Special Blend Glam Pant - Women's from Backcountry.com


----------



## Guest (Oct 30, 2008)

as hot as they are though, they don't match my new jacket  (as seen below)










so i'll probably get these instead...










minus the suspenders. 

whatcha think?

i really do want those patchwork ones though!!! they're the heat! damn. i need to find me a sugar daddy!


----------



## stuntmanmike (Dec 21, 2007)

who cares if they match??????

get the first pair they are sick.


----------



## PaoloSmythe (Aug 19, 2007)

get black, grey or white clothing.

let your riding skills get you noticed on the hill (if that is all you care about) not your shockingly poor taste in what you think looks hawt!


----------



## Guest (Oct 30, 2008)

but purple's my favorite color   :dunno:


----------



## PaoloSmythe (Aug 19, 2007)

N~R~G said:


> but purple's my favorite color   :dunno:


ha. not that you need to be told but, ignore me.

boredom brings out the 'worst' in me.... and i am currently not feeling my 'best'!

wear what you want; if snowboarding allows for a stage on which to diversify into self expression, then no drab coloured limey can say or do anything aboot it!


----------



## RomeBeta32 (Oct 21, 2008)

Suspenders rock! Just kidding, the straight purple are better. I would recommend white, like PaoloSmythe said. That is just my two cents. The checker pants remind me of Ice cream, for sure the straight purple pants.


----------



## Guest (Feb 1, 2009)

well i didn't get the checkered pants, but i did manage to get pants that don't match in any sort of fashion but the color...

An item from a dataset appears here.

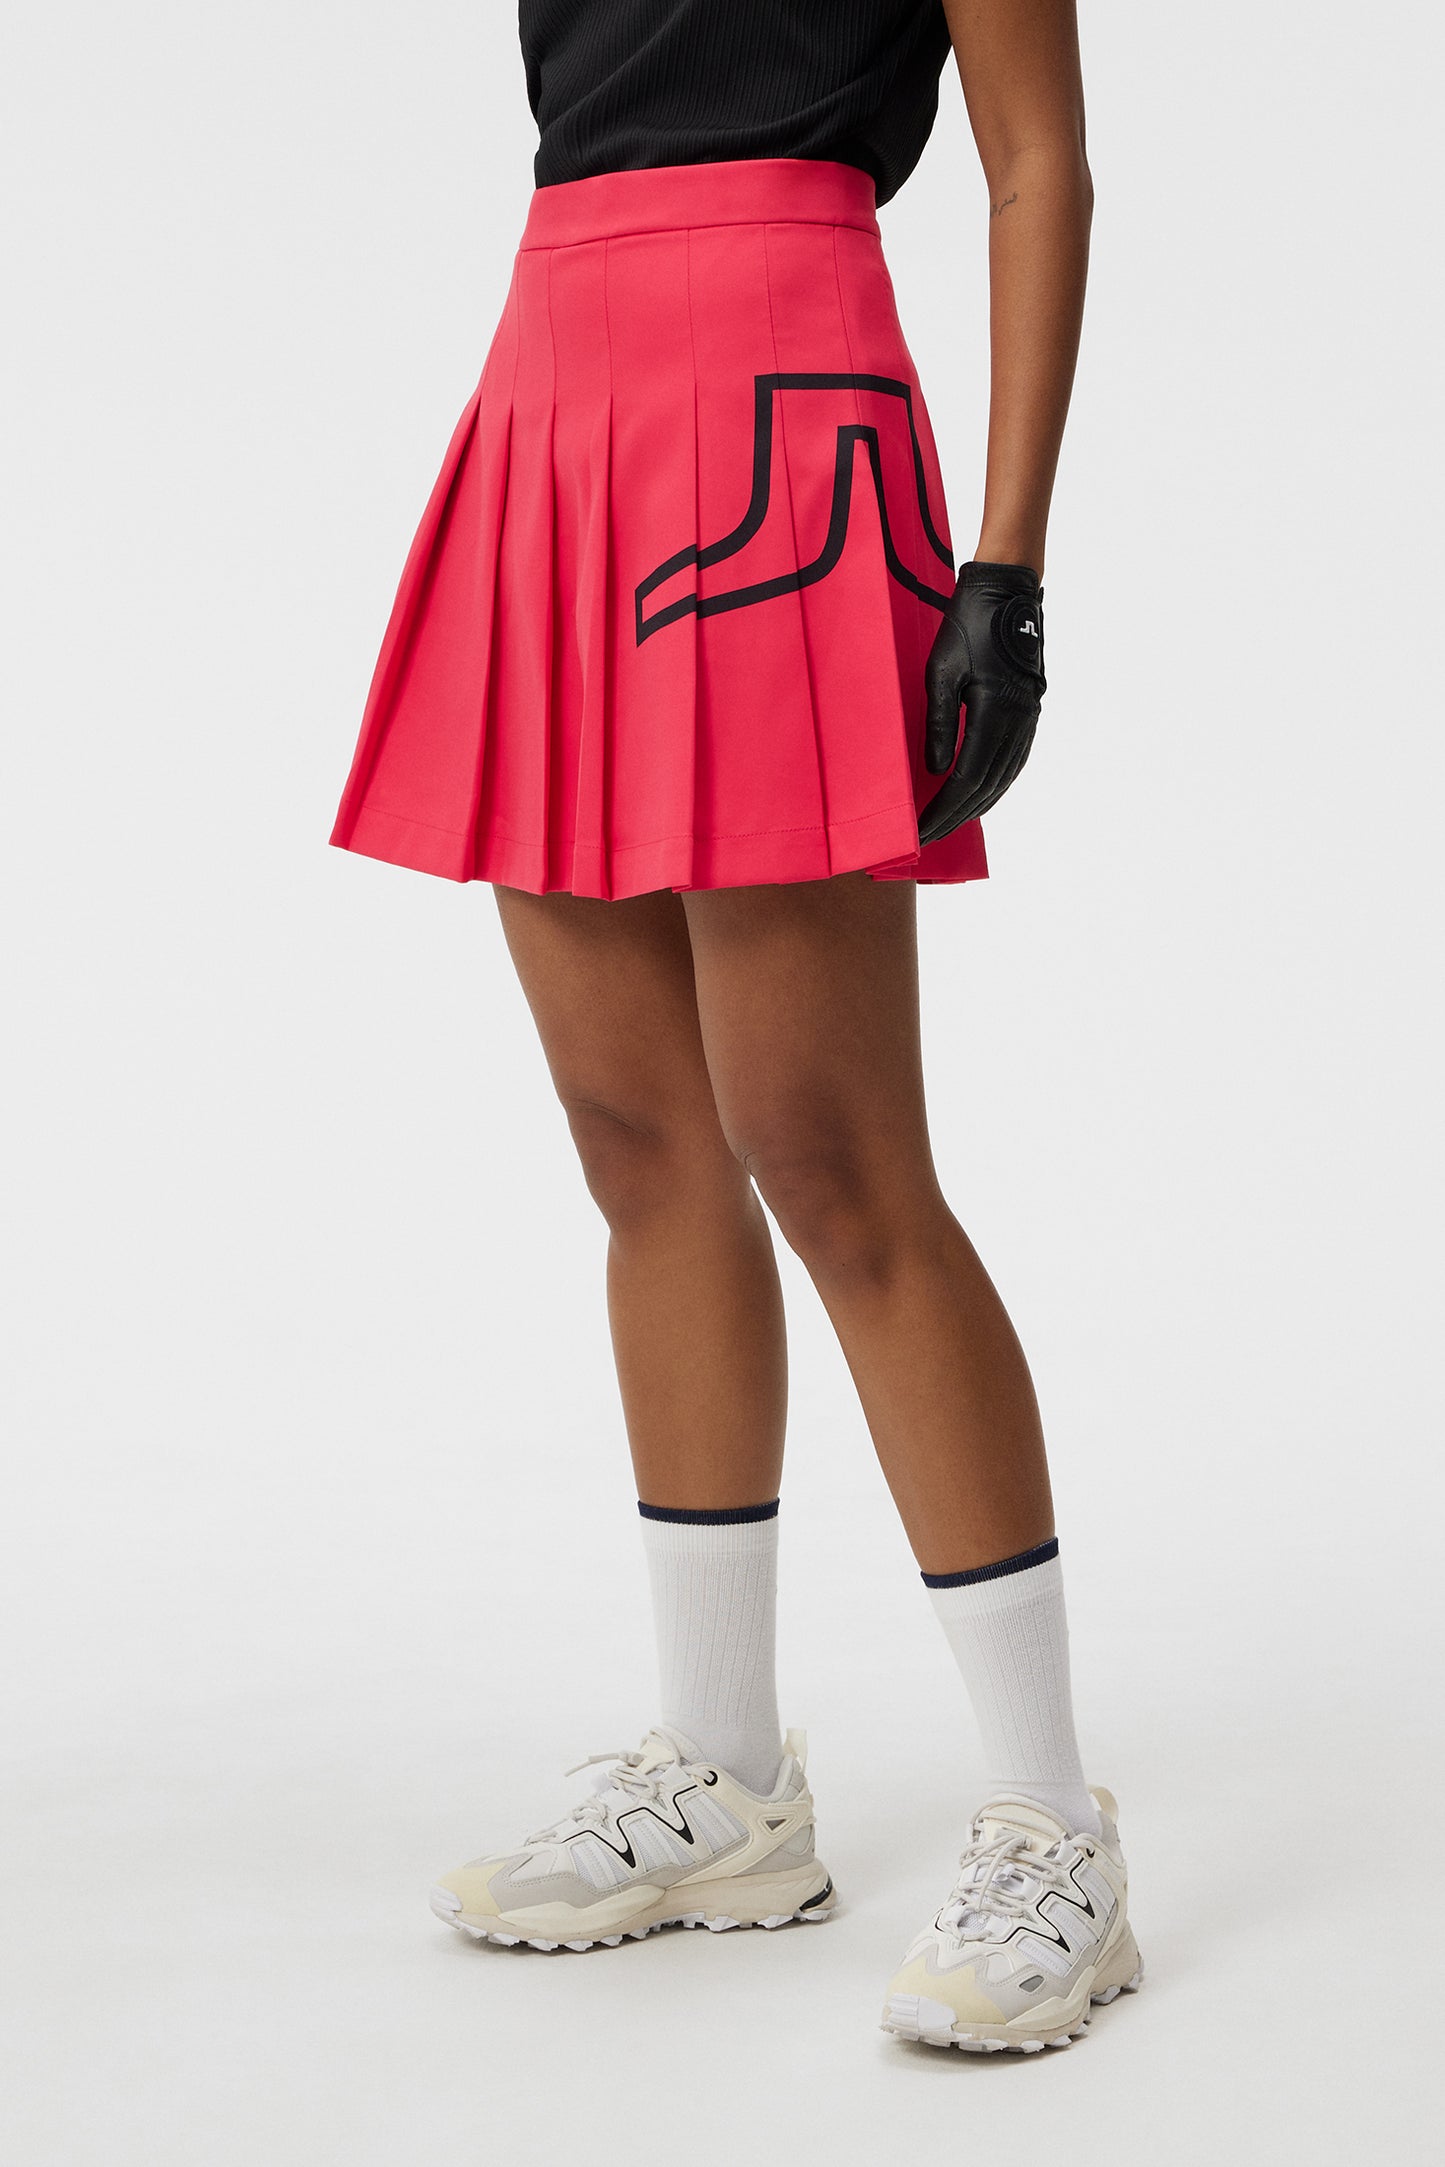 Naomi Skirt / Rose Red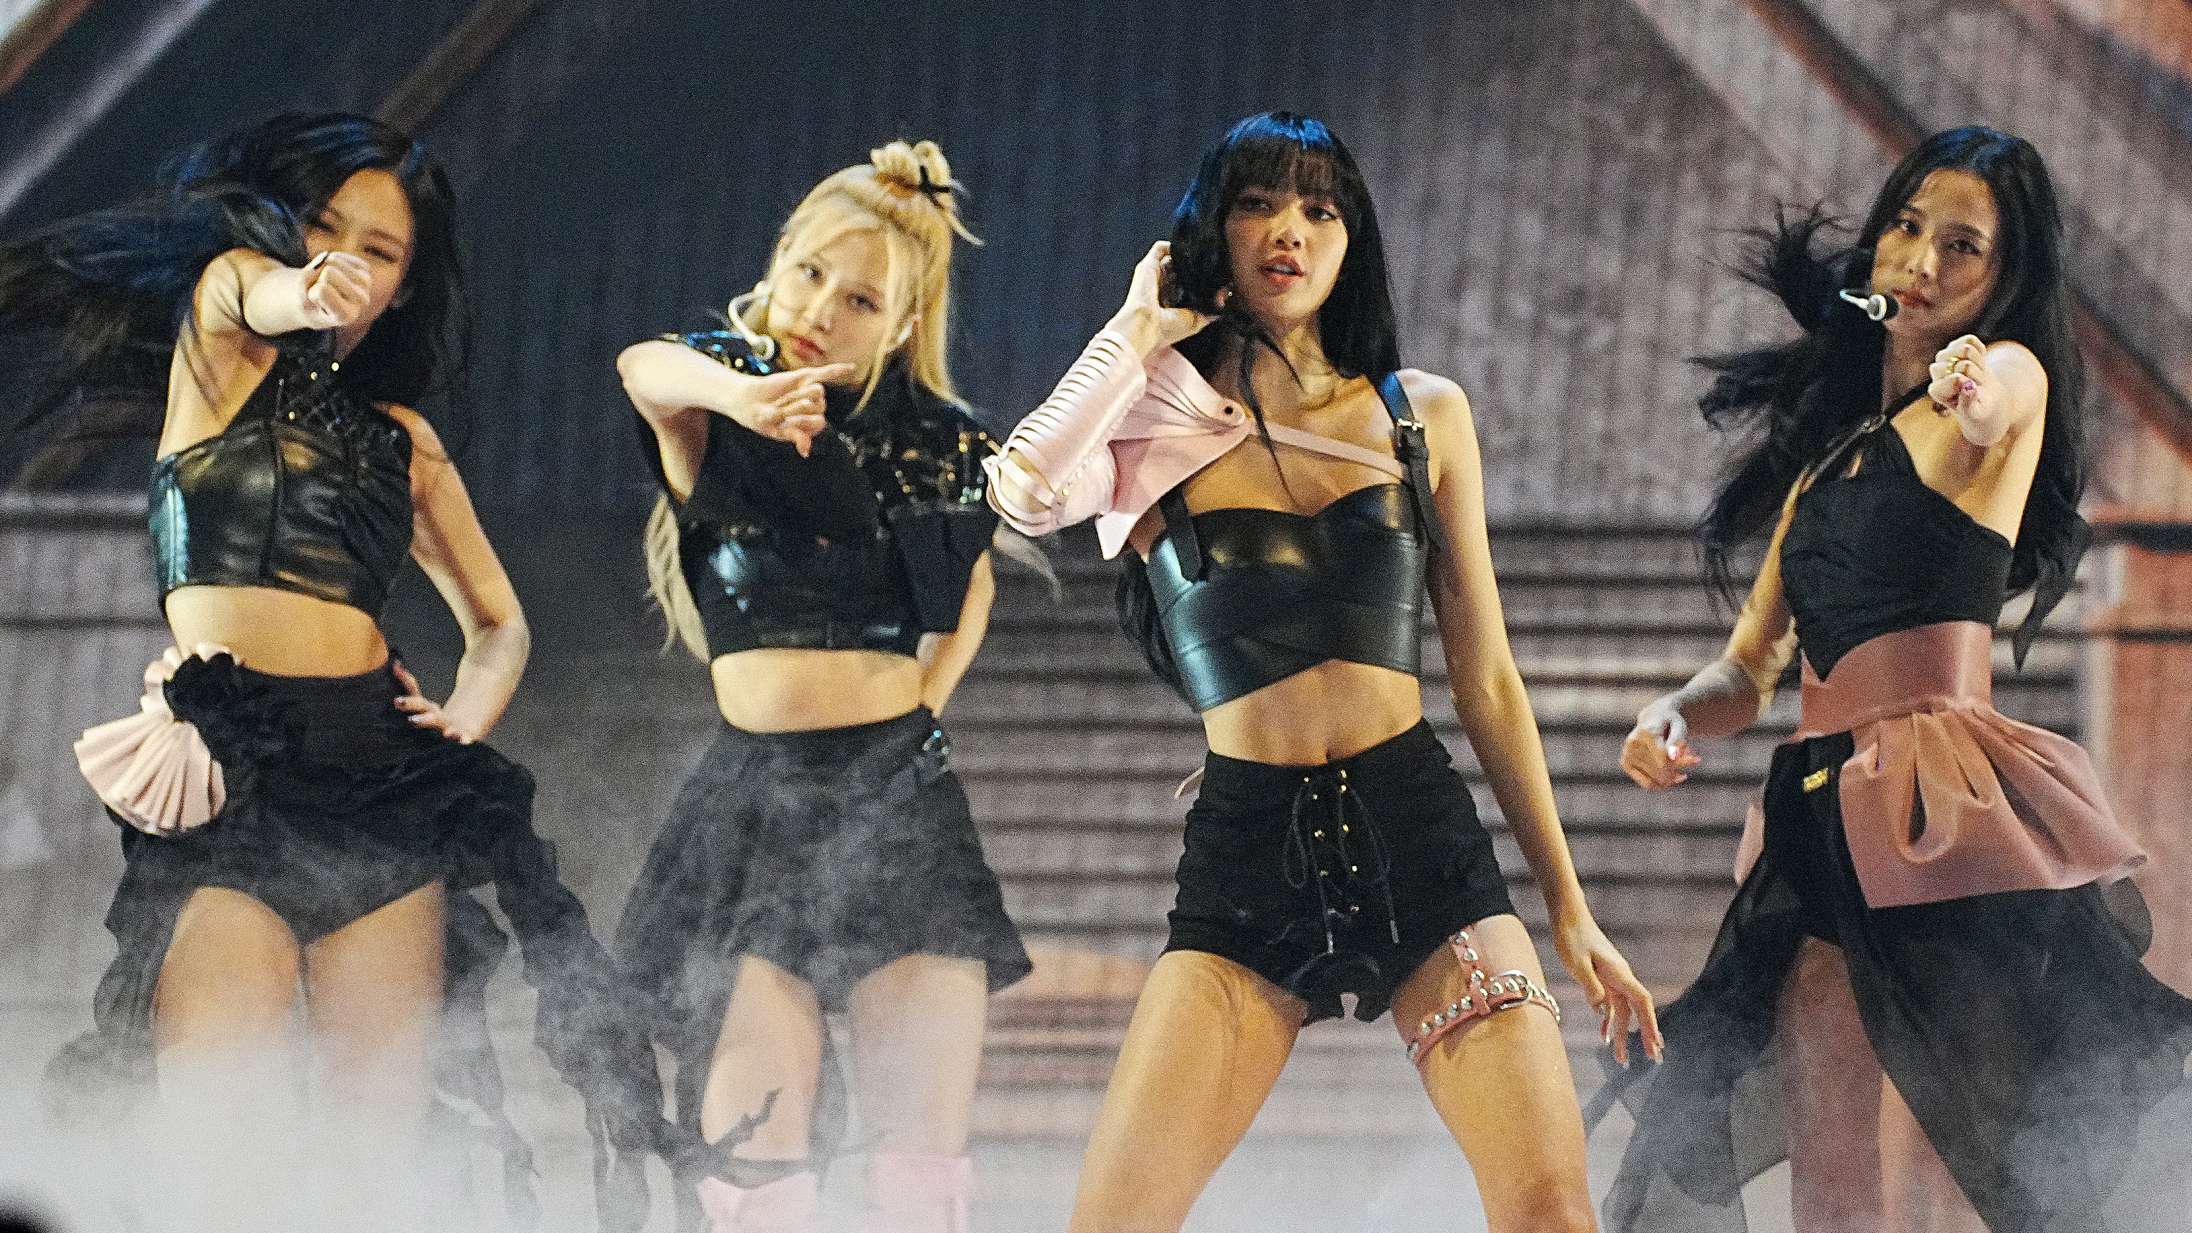 Blackpink er verdens mest populære pigegruppe – deres kraftigt iscenesatte k-pop-fest i Royal Arena viste hvorfor

the pants are white w/ lil teal & purple flowers on them that look more like stars unless you're looking at them up close. but regardless, they don't match my jacket at all, lol. oh well :dunno:

i bought them to be warm & comfortable, so hopefully they do the job!


----------



## Guest (Feb 1, 2009)

The pants you bought still look cool with that jacket, and its Special Blend, so its automatically cool lol. i really want some of the Special Blend LRG pants. Friend has the jacket, not too crazy about it, but the pants are awesome


----------